→ **WHAT YOU ARE ASKED TO DO**:
All records below must be retyped exactly.
Segment Open
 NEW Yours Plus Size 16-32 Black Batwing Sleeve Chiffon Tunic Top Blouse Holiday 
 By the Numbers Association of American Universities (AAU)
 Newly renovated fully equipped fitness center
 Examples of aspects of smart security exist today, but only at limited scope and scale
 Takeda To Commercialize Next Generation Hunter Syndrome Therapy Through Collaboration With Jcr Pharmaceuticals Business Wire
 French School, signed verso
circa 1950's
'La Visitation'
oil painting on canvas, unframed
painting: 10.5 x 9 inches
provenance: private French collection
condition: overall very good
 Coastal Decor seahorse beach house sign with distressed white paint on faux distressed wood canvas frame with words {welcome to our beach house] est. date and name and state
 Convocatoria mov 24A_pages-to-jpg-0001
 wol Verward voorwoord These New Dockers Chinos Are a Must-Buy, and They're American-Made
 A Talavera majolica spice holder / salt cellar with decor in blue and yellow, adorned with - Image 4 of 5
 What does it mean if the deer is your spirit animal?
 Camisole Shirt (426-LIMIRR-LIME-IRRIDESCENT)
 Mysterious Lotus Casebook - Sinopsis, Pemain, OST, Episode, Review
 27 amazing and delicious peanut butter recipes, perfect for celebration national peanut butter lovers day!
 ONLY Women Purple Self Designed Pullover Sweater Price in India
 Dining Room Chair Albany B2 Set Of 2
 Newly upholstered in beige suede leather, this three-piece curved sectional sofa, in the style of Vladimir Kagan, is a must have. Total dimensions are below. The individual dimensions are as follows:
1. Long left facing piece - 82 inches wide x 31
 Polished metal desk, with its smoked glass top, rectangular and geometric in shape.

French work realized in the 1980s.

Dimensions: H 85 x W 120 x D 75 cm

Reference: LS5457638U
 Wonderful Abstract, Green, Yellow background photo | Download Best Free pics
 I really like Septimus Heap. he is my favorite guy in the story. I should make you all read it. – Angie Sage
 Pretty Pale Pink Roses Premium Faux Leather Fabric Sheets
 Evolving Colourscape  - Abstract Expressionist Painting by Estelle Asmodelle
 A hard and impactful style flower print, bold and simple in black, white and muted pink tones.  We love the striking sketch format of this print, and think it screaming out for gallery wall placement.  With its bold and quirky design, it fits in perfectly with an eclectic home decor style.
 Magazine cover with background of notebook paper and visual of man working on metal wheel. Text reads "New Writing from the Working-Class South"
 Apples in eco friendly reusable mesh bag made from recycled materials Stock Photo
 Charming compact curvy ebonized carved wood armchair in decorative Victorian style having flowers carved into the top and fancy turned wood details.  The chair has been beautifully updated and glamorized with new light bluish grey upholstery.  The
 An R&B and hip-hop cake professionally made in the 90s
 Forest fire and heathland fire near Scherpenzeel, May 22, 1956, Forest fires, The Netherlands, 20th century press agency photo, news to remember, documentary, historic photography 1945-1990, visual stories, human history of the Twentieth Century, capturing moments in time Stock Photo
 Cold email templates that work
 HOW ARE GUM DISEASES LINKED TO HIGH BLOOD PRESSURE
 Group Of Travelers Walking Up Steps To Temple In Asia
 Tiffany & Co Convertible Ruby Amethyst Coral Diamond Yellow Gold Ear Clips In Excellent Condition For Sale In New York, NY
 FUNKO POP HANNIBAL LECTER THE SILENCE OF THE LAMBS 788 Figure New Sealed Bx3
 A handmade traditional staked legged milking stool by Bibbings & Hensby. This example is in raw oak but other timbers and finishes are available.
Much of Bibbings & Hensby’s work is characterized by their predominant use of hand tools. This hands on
Segment Closed
→ **WRITTEN ANSWER**:
 NEW Yours Plus Size 16-32 Black Batwing Sleeve Chiffon Tunic Top Blouse Holiday 
 By the Numbers Association of American Universities (AAU)
 Newly renovated fully equipped fitness center
 Examples of aspects of smart security exist today, but only at limited scope and scale
 Takeda To Commercialize Next Generation Hunter Syndrome Therapy Through Collaboration With Jcr Pharmaceuticals Business Wire
 French School, signed verso
circa 1950's
'La Visitation'
oil painting on canvas, unframed
painting: 10.5 x 9 inches
provenance: private French collection
condition: overall very good
 Coastal Decor seahorse beach house sign with distressed white paint on faux distressed wood canvas frame with words {welcome to our beach house] est. date and name and state
 Convocatoria mov 24A_pages-to-jpg-0001
 wol Verward voorwoord These New Dockers Chinos Are a Must-Buy, and They're American-Made
 A Talavera majolica spice holder / salt cellar with decor in blue and yellow, adorned with - Image 4 of 5
 What does it mean if the deer is your spirit animal?
 Camisole Shirt (426-LIMIRR-LIME-IRRIDESCENT)
 Mysterious Lotus Casebook - Sinopsis, Pemain, OST, Episode, Review
 27 amazing and delicious peanut butter recipes, perfect for celebration national peanut butter lovers day!
 ONLY Women Purple Self Designed Pullover Sweater Price in India
 Dining Room Chair Albany B2 Set Of 2
 Newly upholstered in beige suede leather, this three-piece curved sectional sofa, in the style of Vladimir Kagan, is a must have. Total dimensions are below. The individual dimensions are as follows:
1. Long left facing piece - 82 inches wide x 31
 Polished metal desk, with its smoked glass top, rectangular and geometric in shape.

French work realized in the 1980s.

Dimensions: H 85 x W 120 x D 75 cm

Reference: LS5457638U
 Wonderful Abstract, Green, Yellow background photo | Download Best Free pics
 I really like Septimus Heap. he is my favorite guy in the story. I should make you all read it. – Angie Sage
 Pretty Pale Pink Roses Premium Faux Leather Fabric Sheets
 Evolving Colourscape  - Abstract Expressionist Painting by Estelle Asmodelle
 A hard and impactful style flower print, bold and simple in black, white and muted pink tones.  We love the striking sketch format of this print, and think it screaming out for gallery wall placement.  With its bold and quirky design, it fits in perfectly with an eclectic home decor style.
 Magazine cover with background of notebook paper and visual of man working on metal wheel. Text reads "New Writing from the Working-Class South"
 Apples in eco friendly reusable mesh bag made from recycled materials Stock Photo
 Charming compact curvy ebonized carved wood armchair in decorative Victorian style having flowers carved into the top and fancy turned wood details.  The chair has been beautifully updated and glamorized with new light bluish grey upholstery.  The
 An R&B and hip-hop cake professionally made in the 90s
 Forest fire and heathland fire near Scherpenzeel, May 22, 1956, Forest fires, The Netherlands, 20th century press agency photo, news to remember, documentary, historic photography 1945-1990, visual stories, human history of the Twentieth Century, capturing moments in time Stock Photo
 Cold email templates that work
 HOW ARE GUM DISEASES LINKED TO HIGH BLOOD PRESSURE
 Group Of Travelers Walking Up Steps To Temple In Asia
 Tiffany & Co Convertible Ruby Amethyst Coral Diamond Yellow Gold Ear Clips In Excellent Condition For Sale In New York, NY
 FUNKO POP HANNIBAL LECTER THE SILENCE OF THE LAMBS 788 Figure New Sealed Bx3
 A handmade traditional staked legged milking stool by Bibbings & Hensby. This example is in raw oak but other timbers and finishes are available.
Much of Bibbings & Hensby’s work is characterized by their predominant use of hand tools. This hands on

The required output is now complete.